L’ostéopathie doit donc être envisagée comme un complément dans une politique globale de prévention, combinée à l’ergonomie, la formation posturale et la gestion du stress, conformément aux recommandations de l’INRS [1].
Des essais contrôlés randomisés de plus grande ampleur sont nécessaires pour confirmer ces premiers résultats. Néanmoins, les signes en matière de réduction de l’absentéisme et d’amélioration du bien-être au travail encouragent à développer l’expérimentation dans les secteurs exposés aux TMS.

La permanence ostéopathique en entreprise, par rapport aux interventions ponctuelles étudiées dans la littérature, présente plusieurs atouts complémentaires : elle permet une prise en charge immédiate pour limiter l’aggravation des troubles et les arrêts prolongés, consolide les bénéfices dans le temps grâce à un suivi continu des salariés exposés, et renforce la relation de confiance en offrant une disponibilité réactive. Elle combine ainsi effet préventif, réactivité face aux douleurs aiguës et accompagnement individualisé durable.

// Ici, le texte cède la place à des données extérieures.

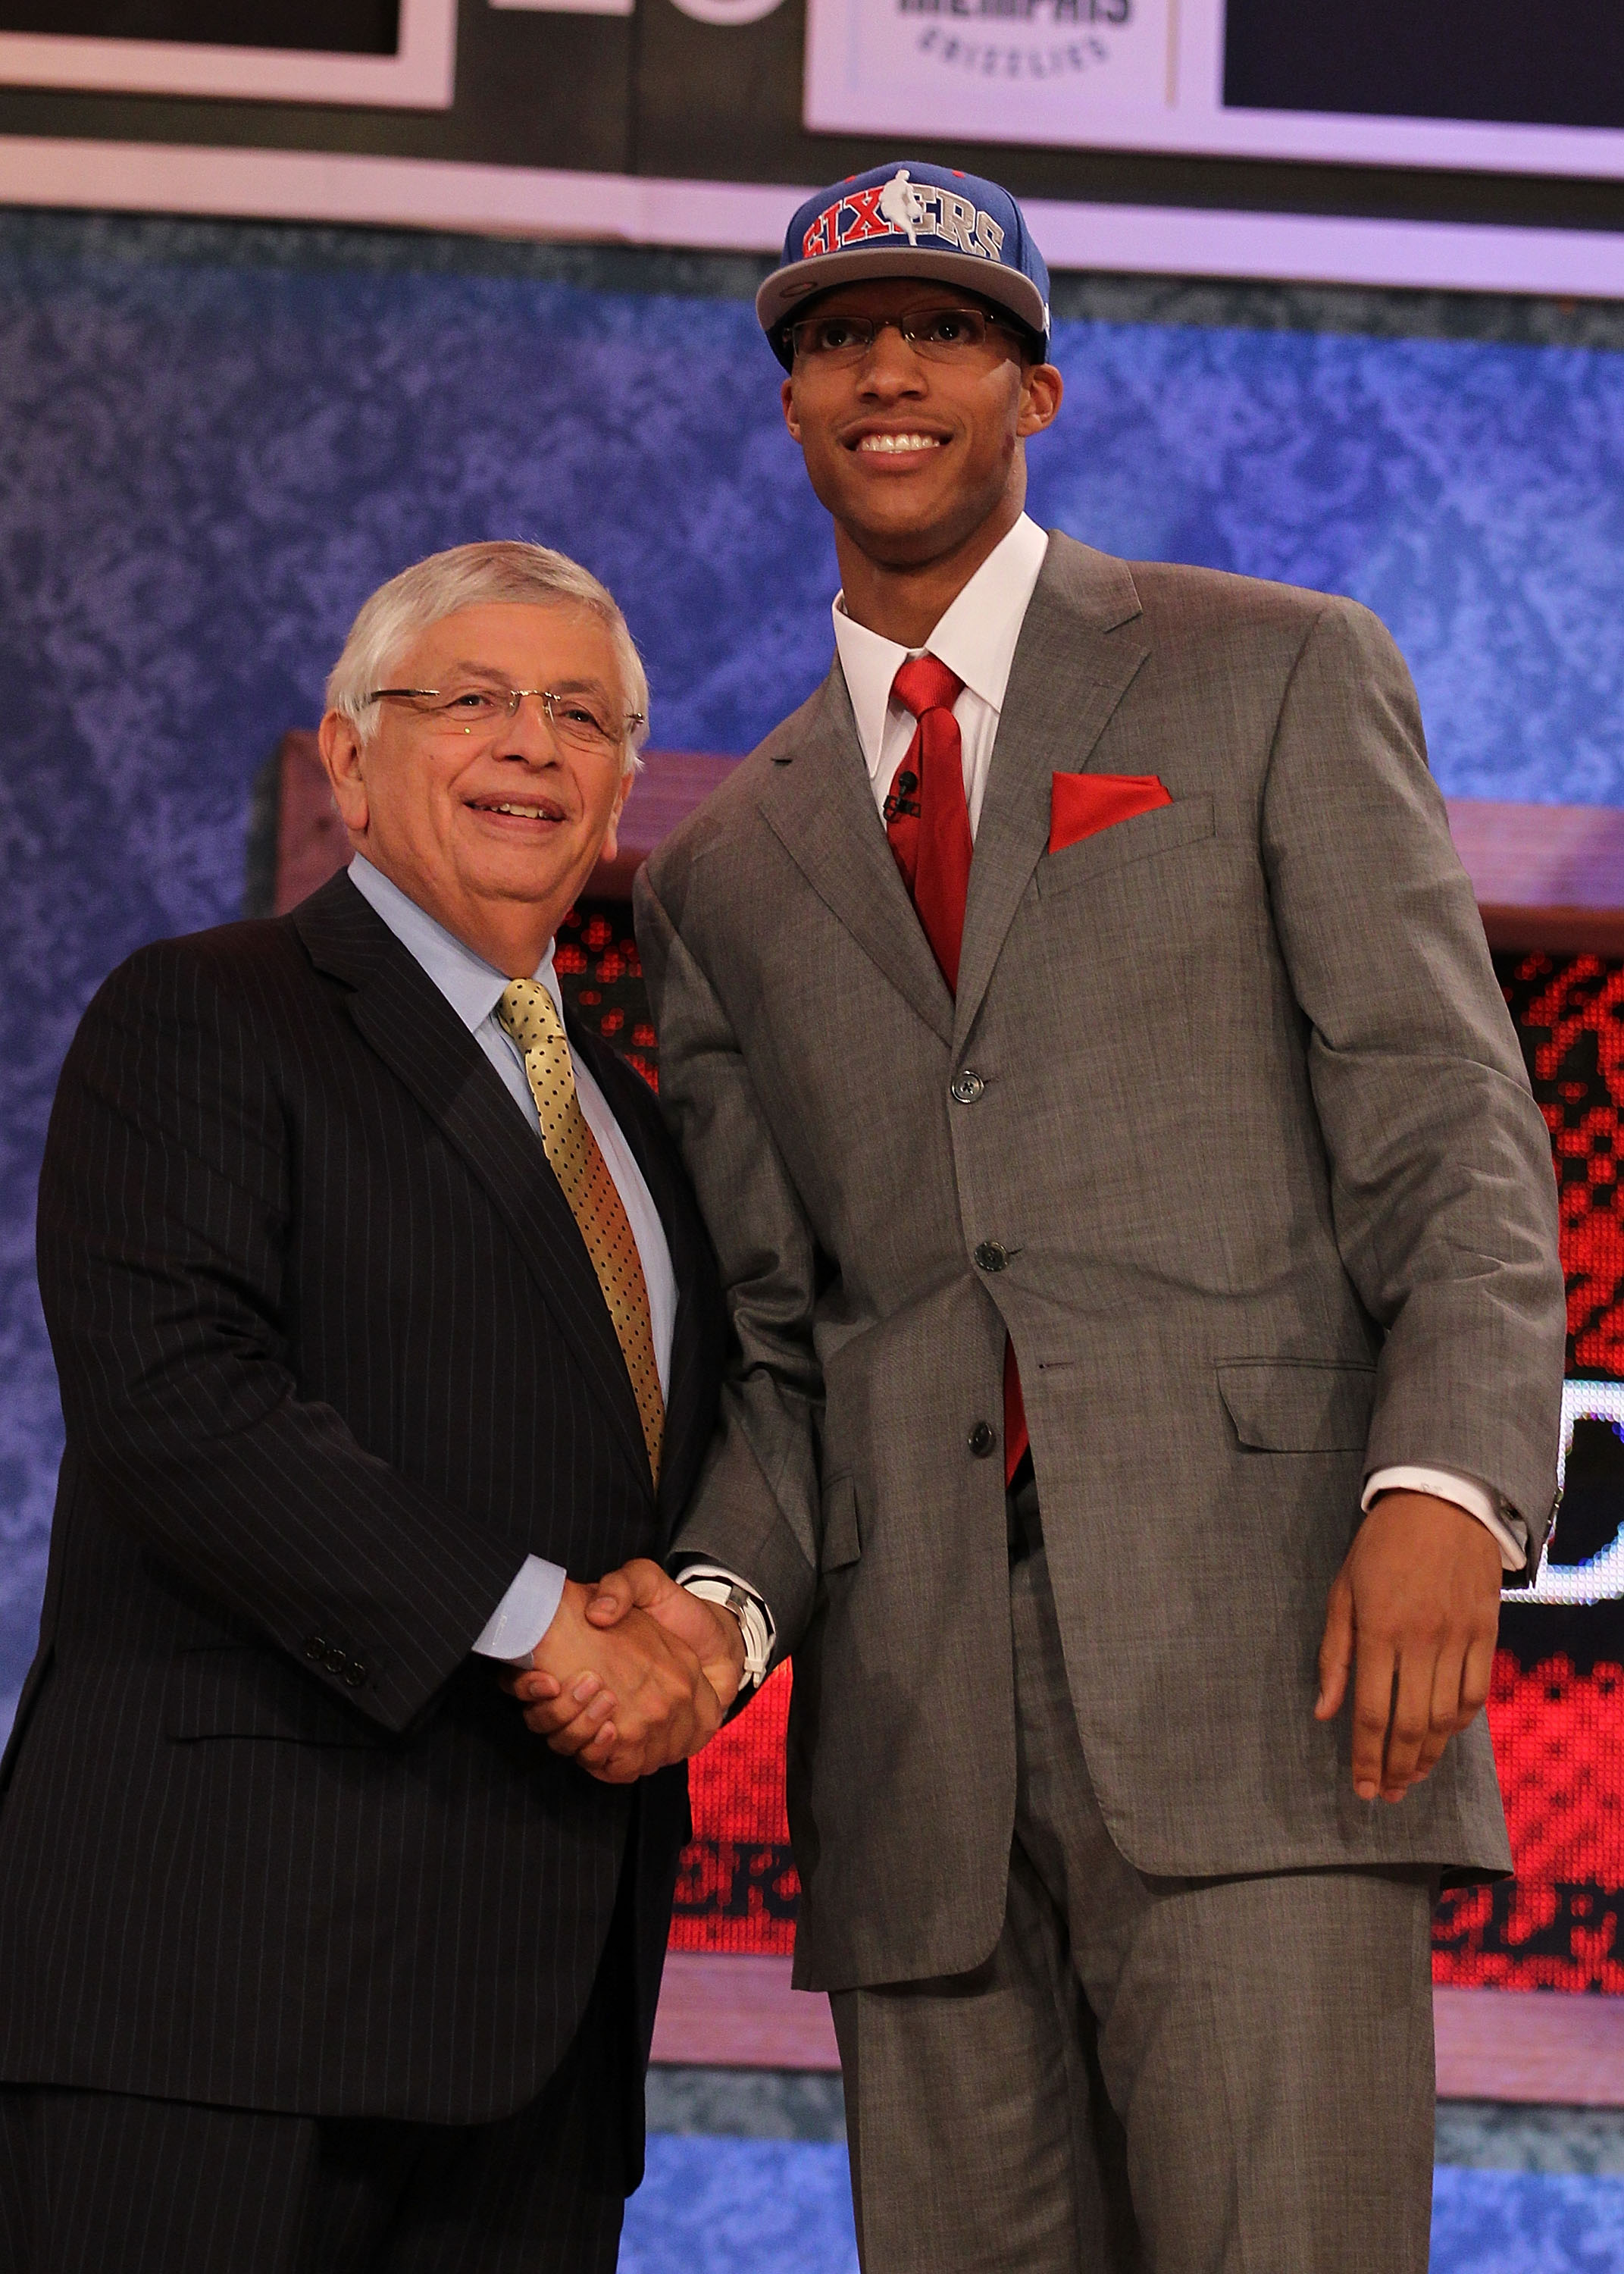 NEW YORK - JUNE 24:  Evan Turner of Ohio State stands with NBA Commisioner David Stern after being drafted by the Philadelphia 76ers second overall at Madison Square Garden on June 24, 2010 in New York City.  NOTE TO USER: User expressly acknowledges and

Il est important de rappeler que l’évaluation scientifique des thérapies manuelles reste complexe, car leurs effets sont en partie praticien-dépendants. Ce point est détaillé dans notre article : Les limites des études sur l’ostéopathie et la kinésithérapie : facteurs de variabilité et résultats cliniques.

Conclusion

L’ostéopathie en entreprise constitue une piste très prometteuse pour réduire l’absentéisme et améliorer la qualité de vie au travail.
Les données disponibles suggèrent des gains économiques et humains significatifs, bien que des études de plus grande envergure soient nécessaires pour valider ces résultats et optimiser les modalités d’intervention.

La mise en place d’une permanence ostéopathique apparaît ainsi comme une évolution naturelle de ces démarches, permettant de maximiser l’impact préventif et de renforcer le retour sur investissement pour l’entreprise.

Références

  1. INRS. Troubles musculo-squelettiques (TMS) : comprendre pour mieux prévenir. Paris : Institut national de recherche et de sécurité; 2024.
  2. OCDE. Panorama de la santé 2021 : Les indicateurs de l’OCDE. Paris : Organisation de coopération et de développement économiques; 2021.
  3. Garret C, et al. Impact de séances d’ostéopathie réalisées en entreprise sur les arrêts de travail des salariés souffrant de lombalgies. Douleur Analg. 2024;37(2):88-96.
  4. ANACT. Enquête sur la qualité de vie au travail. Lyon : Agence nationale pour l’amélioration des conditions de travail; 2013.
  5. Asterès. L’ostéopathie en France : un bilan économique positif. Paris : Asterès; 2019.
  6. Inserm. Évaluation de l’efficacité de l’ostéopathie. Paris : Rapport Inserm; 2012.
  7. Santiago RJ, et al. Results of a feasibility randomised controlled trial of osteopathy on neck-shoulder pain in computer users. Complement Ther Med. 2023;73:102933.